P.S. i ownly do residential accounts, no commercial this year.


Edit: so i thought for a fast plan, and looking at competitors pricing, that this would work.

ON CALL: 
30$ (2 car driveway with salt)
25$ (2 car driveway with no salt)

monthly contract:
150$ /m (2 car with salt, 6 visits +20$ per extra visit)
125$ /m (single car with salt, 6 visits +20$ per extra visit)

seasonal contract:
500$ /m (2 car with salt, 6 visits +20$ per extra visits)
saves 100$

the only problem is id like to get rid of the "+20$ per visit" but i also dont want to go out of business and fail my first year. Last year was horrific and many small business's went out of business, even commercial businesss failed and didnt make money because it snowed so much. 
I had a talk with a commercial snow remover, and he said the reason snow removal makes so much money is that your charge the client extra when it snows a lot. But i dont get what he really meant, because i thought i contract would stop him from doing so.


----------



## dieselss (Jan 3, 2008)

Wow....Just WOW!


----------



## JustJeff (Sep 9, 2009)

Today is November 16th, and you don't have contracts locked in yet? You have to have had three or four plowable events already this Season.


----------



## SnowFakers (Dec 31, 2012)

$30 with salt? 150/month? Way to low, even with just a blower you have to have a higher minimum than that. And take your average snowfall and look up how many storms come through your area. I can say that I get more than 5 a month during peak season in CT, you are ATLEASR double the snow up there. You yourself said it snows a lot so why base a contract off 5 events a month?


----------



## jonpaul (Nov 16, 2014)

Harleyjeff;1870625 said:


> Today is November 16th, and you don't have contracts locked in yet? You have to have had three or four plowable events already this Season.

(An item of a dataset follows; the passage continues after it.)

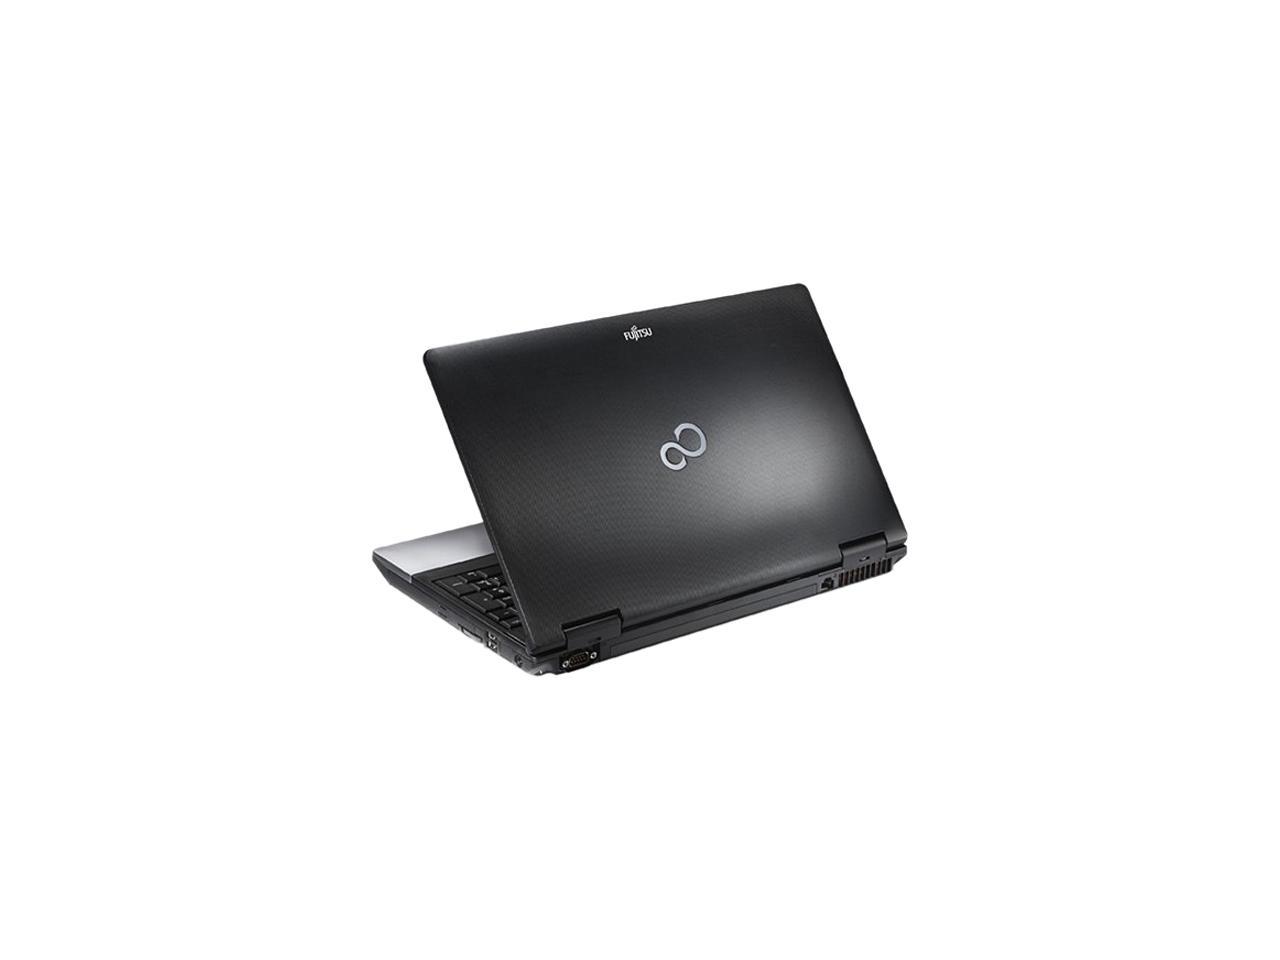 Fujitsu Laptop LifeBook Intel Core i5 3rd Gen 3230M (2.60GHz) 4GB

no it hasn't even snowed once yet, today and tomorrow it'll have light snow = 5cm, and then its disappear after this week. I have atleast 7 people of my lawn care customers that want it done but i just dont know what to bill them or have contracts yet.


----------



## jonpaul (Nov 16, 2014)

SnowFakers;1870632 said:


> $30 with salt? 150/month? Way to low, even with just a blower you have to have a higher minimum than that. And take your average snowfall and look up how many storms come through your area. I can say that I get more than 5 a month during peak season in CT, you are ATLEASR double the snow up there. You yourself said it snows a lot so why base a contract off 5 events a month?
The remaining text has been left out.